Calectasia keigheryi
- Conservation status: Priority Two — Poorly Known Taxa (DEC)

Scientific classification
- Kingdom: Plantae
- Clade: Tracheophytes
- Clade: Angiosperms
- Clade: Monocots
- Clade: Commelinids
- Order: Arecales
- Family: Dasypogonaceae
- Genus: Calectasia
- Species: C. keigheryi
- Binomial name: Calectasia keigheryi R.L.Barrett & K.W.Dixon

= Calectasia keigheryi =

- Genus: Calectasia
- Species: keigheryi
- Authority: R.L.Barrett & K.W.Dixon
- Conservation status: P2

Species of flowering plant

Calectasia keigheryi, commonly known as blue tinsel lily, is a plant in the family Dasypogonaceae growing as an erect, rhizomatous, perennial herb. It is an uncommon species, endemic and restricted to a few areas in the south-west of Western Australia. It is similar to the other species of Calectasia and has only been recognised as a separate species since a review of the genus in 2001. It is relatively easily distinguished from the others mainly by its smaller flowers, unusual anther shape, and hairs on the lower part of the petals.

==Description==
Calectasia keigheryi is an undershrub without stilt roots but with a short rhizome from which clones are produced. It grows to a height of about 40 cm with a few short side branches. Each leaf blade is glabrous, 6.8-12.3 x 0.5-0.8 mm tapering to a short, sharp point on the end. The base of the petals (strictly tepals) form a tube 9.3-9.8 mm long. Unlike any of the other Western Australian Calectasia species, the lower third of this tube is gold-coloured and lined with soft, white-golden hairs. The upper part of the petals spread outwards to form a blue, papery star-like pattern fading to white or occasionally red with age. In the centre of the star are six yellow stamens forming a tube which does not change colour with age. The terminal part of the stamen, the anther, is unusual in the genus in having a short skirt. The thin style extends beyond the stamens. Flowers appear from July to September.

==Taxonomy and naming==
Calectasia keigheryi is one of eleven species in the genus Calectasia. It was described as a new species in 2001 by R.L.Barrett & K.W.Dixon from a specimen collected on the eastern edge of Fitzgerald River National Park. The specific epithet (keigheryi) "honours botanist Greg Keighery who has made extensive contributions to the taxonomy, biology and conservation of the flora of Western Australia, including Calectasia'.

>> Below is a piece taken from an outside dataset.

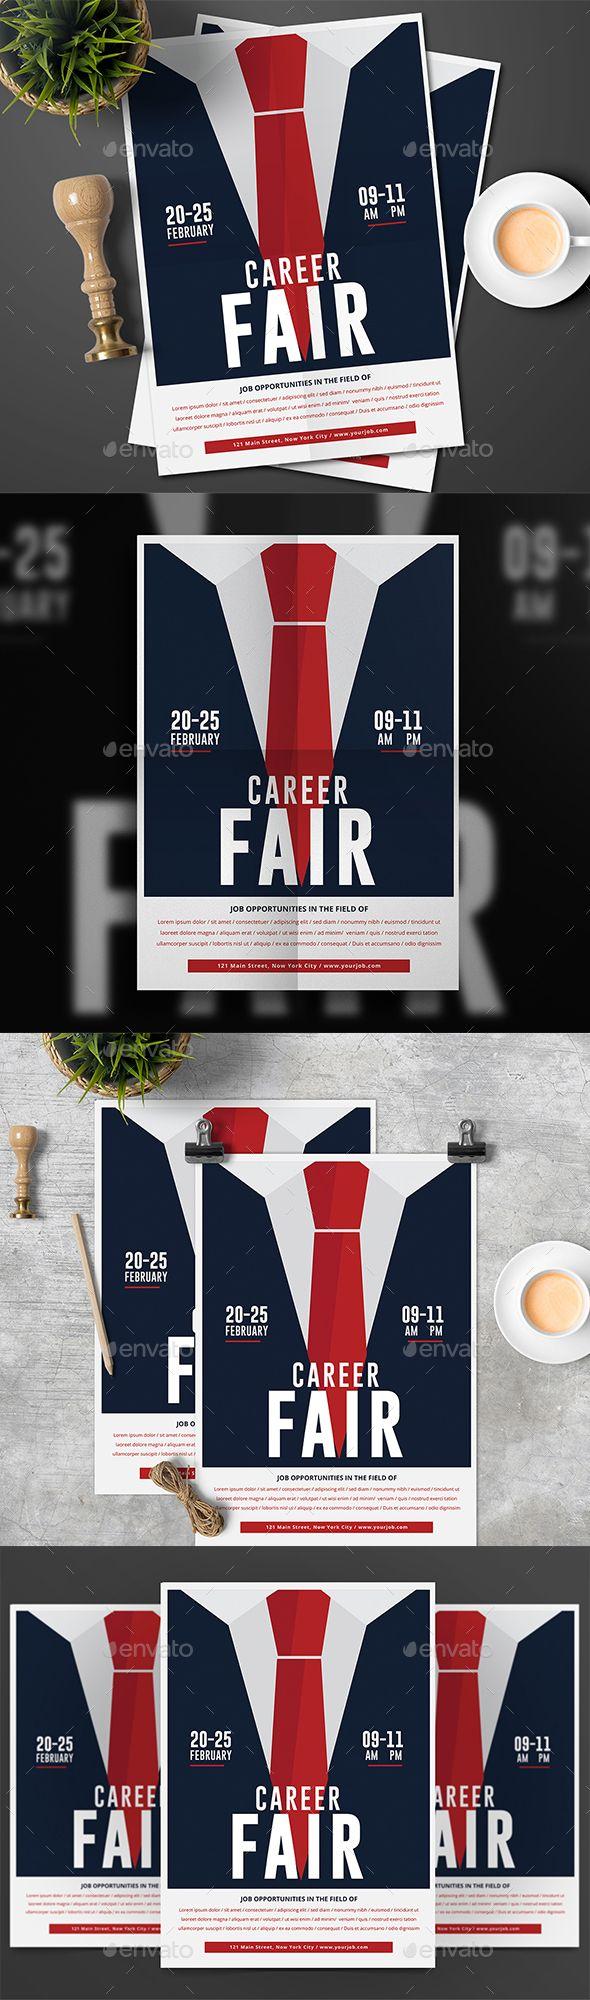 top ideas about job fair interview nails job career fair day flyer template psd ai illustrator

==Distribution and habitat==
This species of blue tinsel lily is uncommon and known in only three locations in the Fitzgerald River National Park in the Esperance Plains biogeographic region of south-west Western Australia. It grows in grey sand or shallow sandy loam over laterite, in low heath.

==Conservation status==
Calectasia keigheryi is classified "Priority Two" by the Western Australian government Department of Parks and Wildlife meaning that is poorly known and from one or a few locations.